Let the mass of the solid cylinder be M and its radius be r. Let the linear speed be v and the angular velocity be $\omega$ .

At rest, only potential energy is relevant. Resolving the component forces, we get:

$E_{1}$ = Mgh = Mg(5 $sin 30^{o}$ ) = $\frac{5M}{2g}$ ... (1)

When the cylinder reaches the bottom, we have to deal with kinetic energy in both rotational and translational mechanics.

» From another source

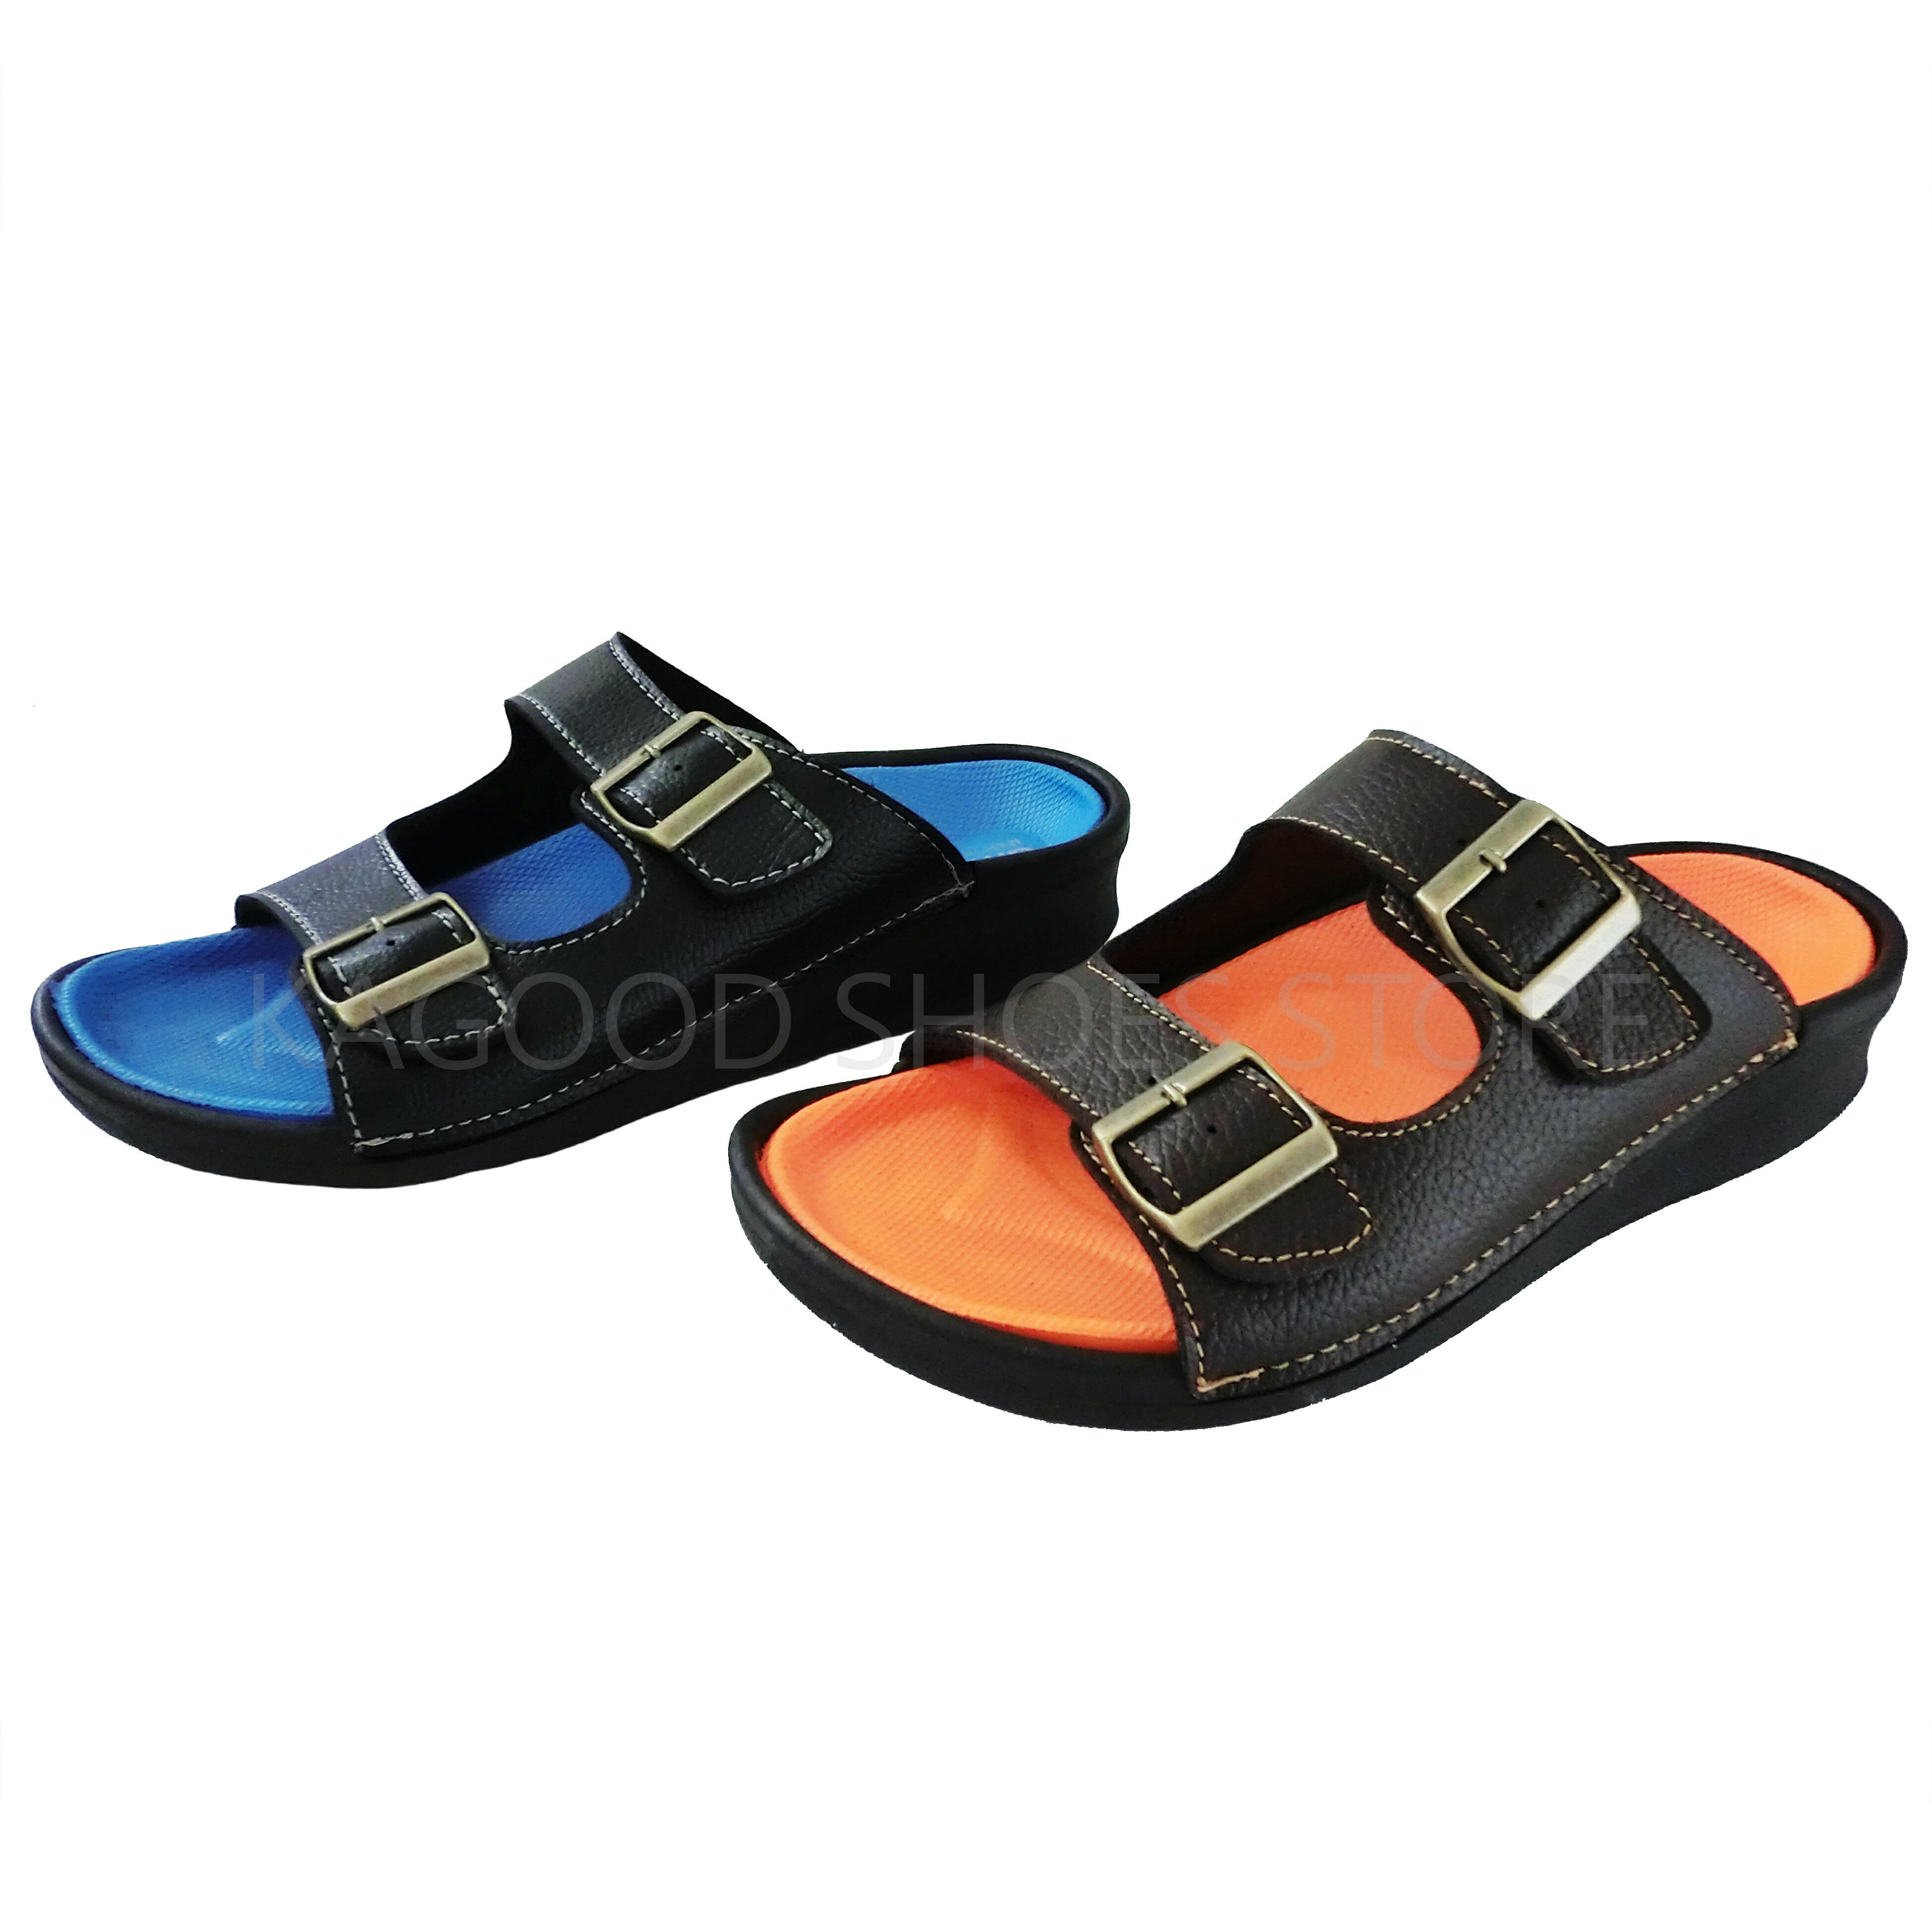 Arriba 61-427 拖鞋 便鞋 咖啡色 / 黑色款 男鞋

$E_{2}$ = $\frac{1}{2}$ $I\omega^{2}$ + $\frac{1}{2}$ $Mv^{2}$

Moment of Inertia, I for a solid cylinder = $\frac{1}{2}$ $Mr^{2}$

In rolling, v = $r\omega$ ... (a)

Therefore, $E_{2}$ = $\frac{1}{2}$ . $\frac{1}{2}$ $Mr^{2}$ $\omega^{2}$ + $\frac{1}{2}$ $Mv^{2}$

= $\frac{1}{4}$ $Mv^{2}$ + $\frac{1}{2}$ $Mv^{2}$ ... Using (a)

= $\frac{3}{4}$ $Mv^{2}$ ... (2)

As $E_{1}$ = $E_{2}$ ,

Using (1) and (2): $\frac{5M}{2g}$ = $\frac{3}{4}$ $Mv^{2}$

$\implies$ v = $\sqrt(\frac{10g}{3}$ ) = 5.715 m/s